In your copy of the listing below, reproduce each word exactly and include no pictures.

━━ The data ━━

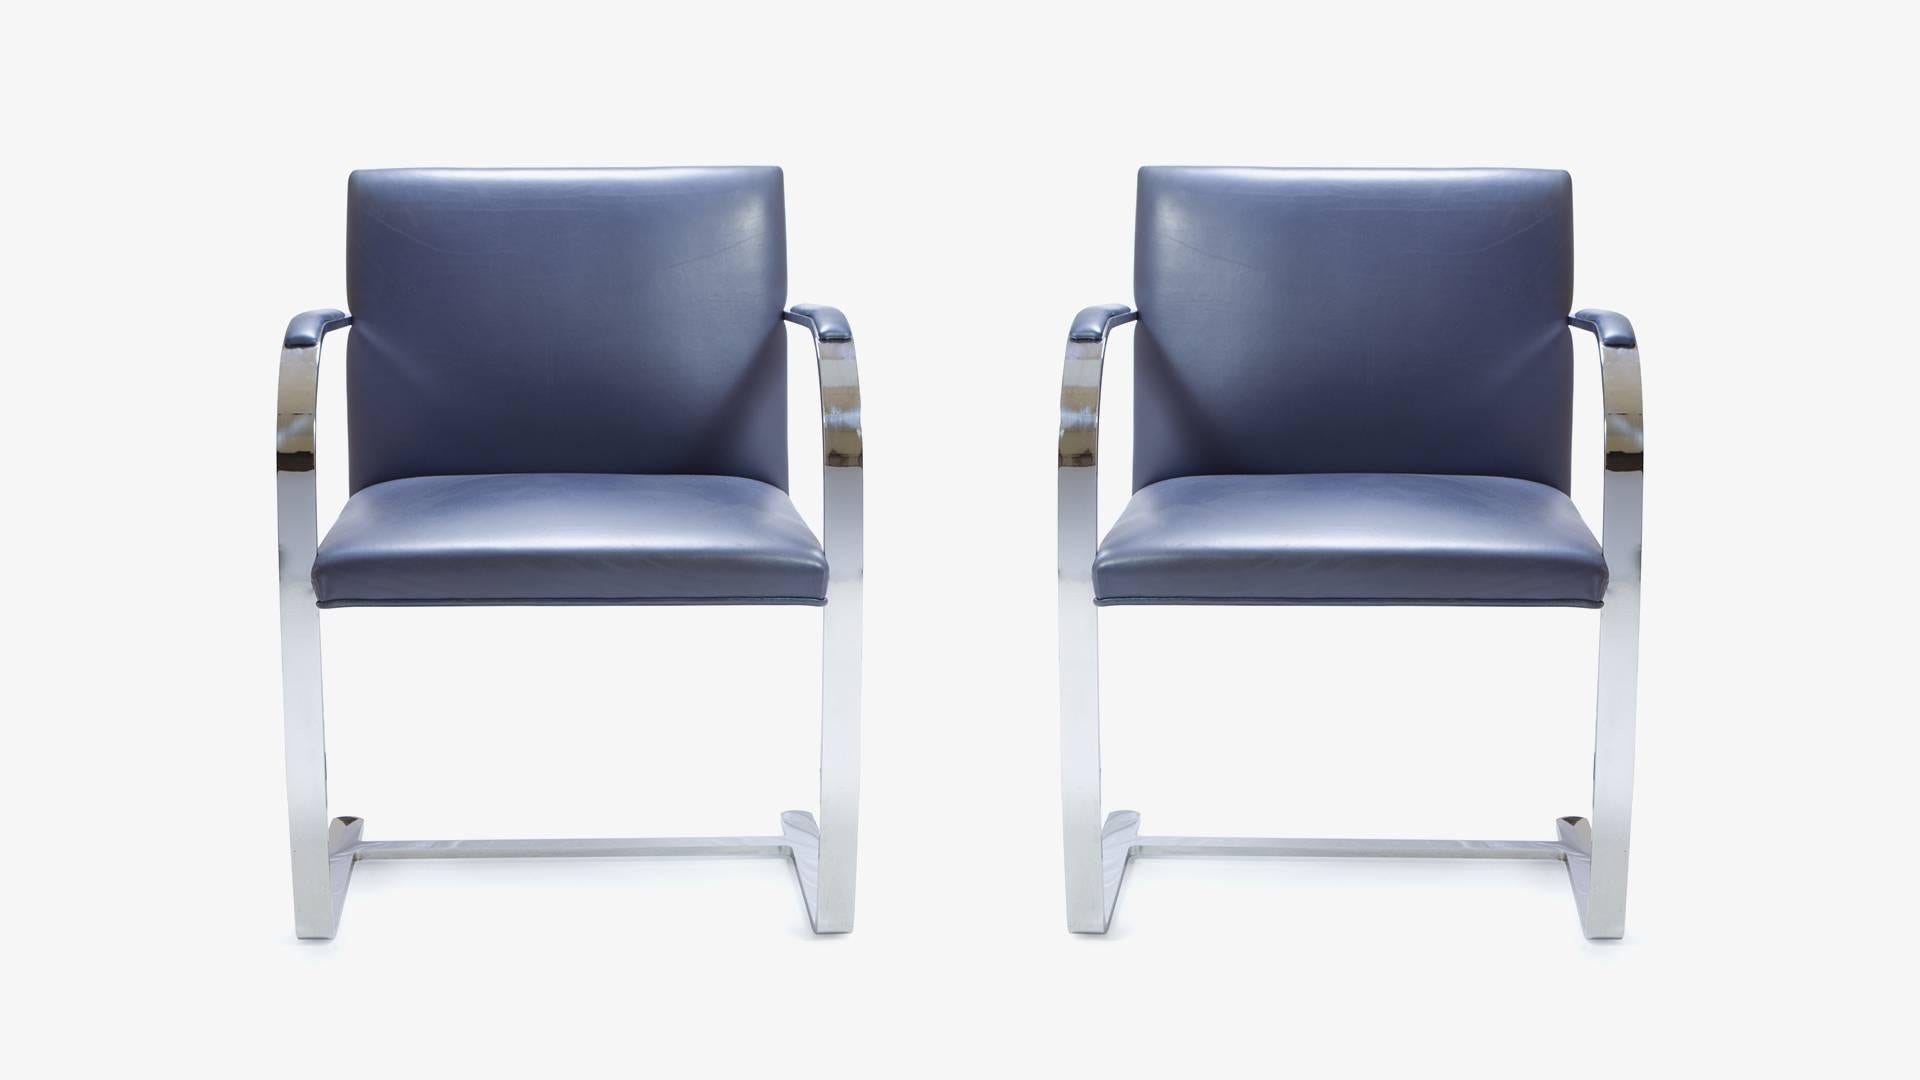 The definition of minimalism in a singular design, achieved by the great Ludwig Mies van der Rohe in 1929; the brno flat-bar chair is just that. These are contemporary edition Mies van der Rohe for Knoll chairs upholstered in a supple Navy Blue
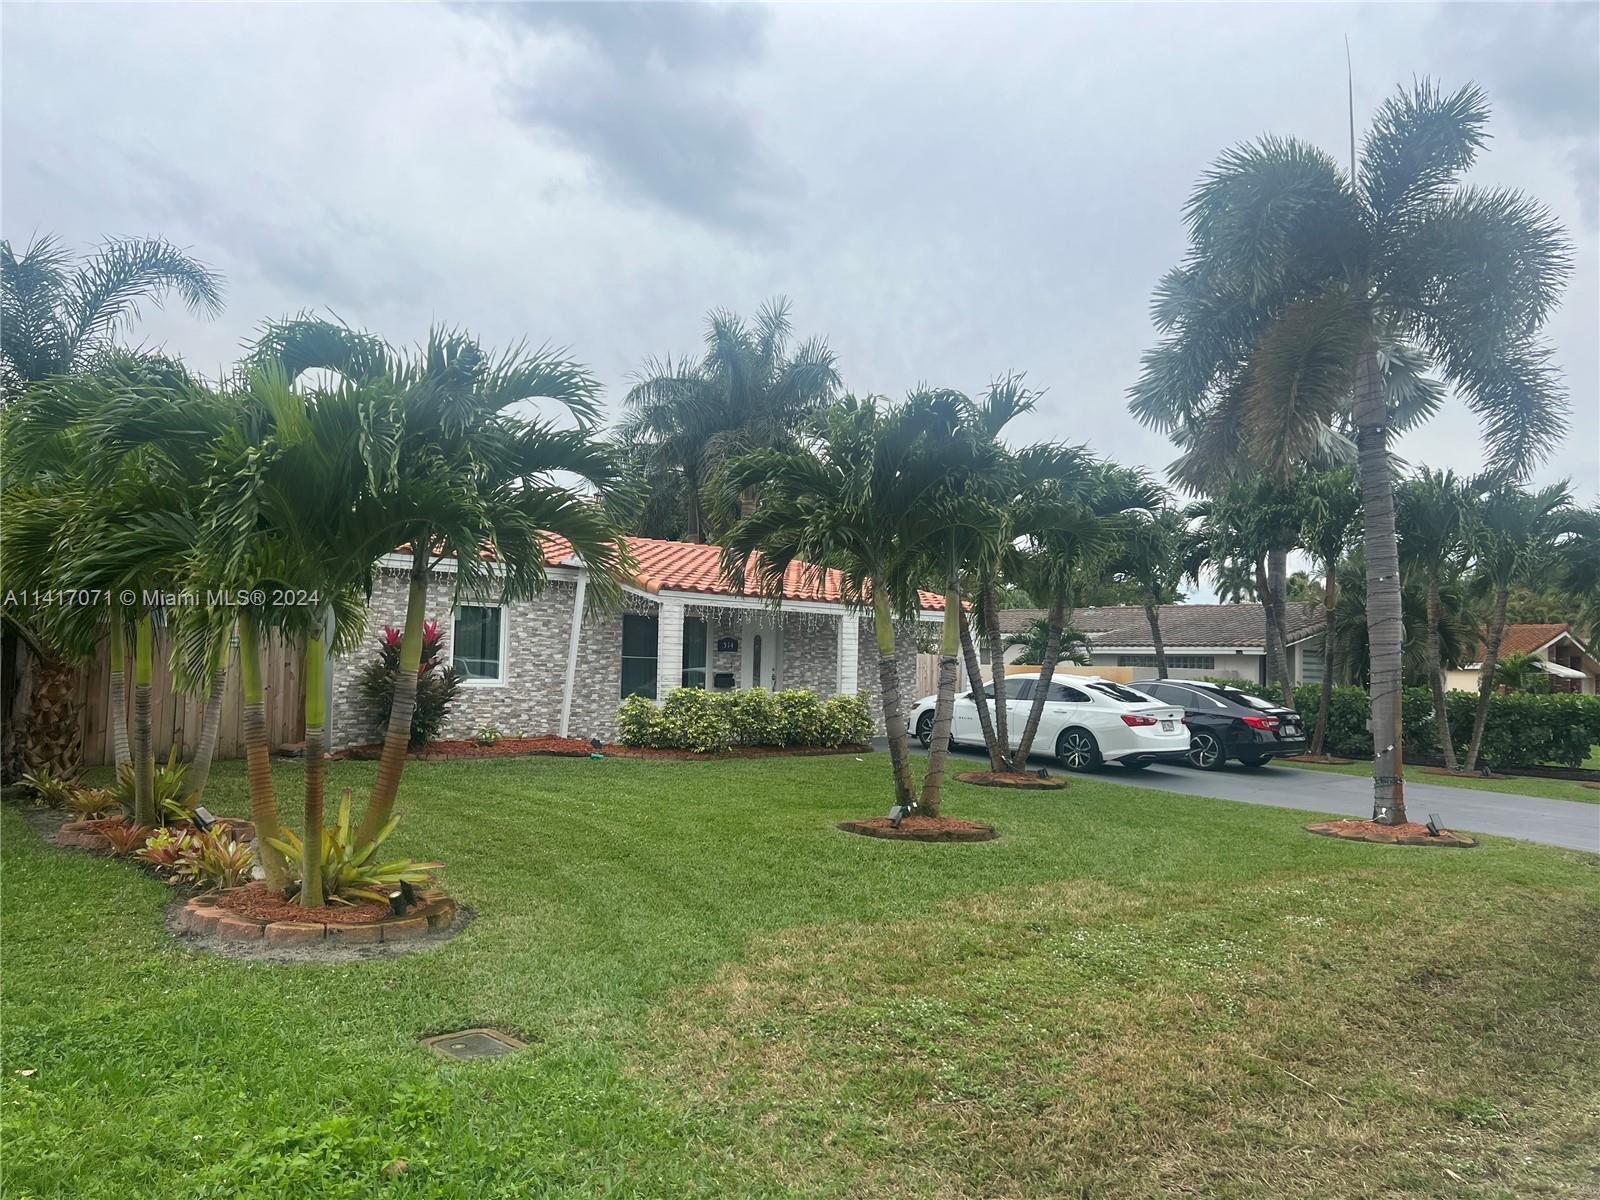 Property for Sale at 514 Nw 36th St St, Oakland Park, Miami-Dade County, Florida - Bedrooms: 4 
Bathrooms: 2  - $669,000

━━━

• Solution to the exercise:
 The definition of minimalism in a singular design, achieved by the great Ludwig Mies van der Rohe in 1929; the brno flat-bar chair is just that. These are contemporary edition Mies van der Rohe for Knoll chairs upholstered in a supple Navy Blue
 Property for Sale at 514 Nw 36th St St, Oakland Park, Miami-Dade County, Florida - Bedrooms: 4 
Bathrooms: 2  - $669,000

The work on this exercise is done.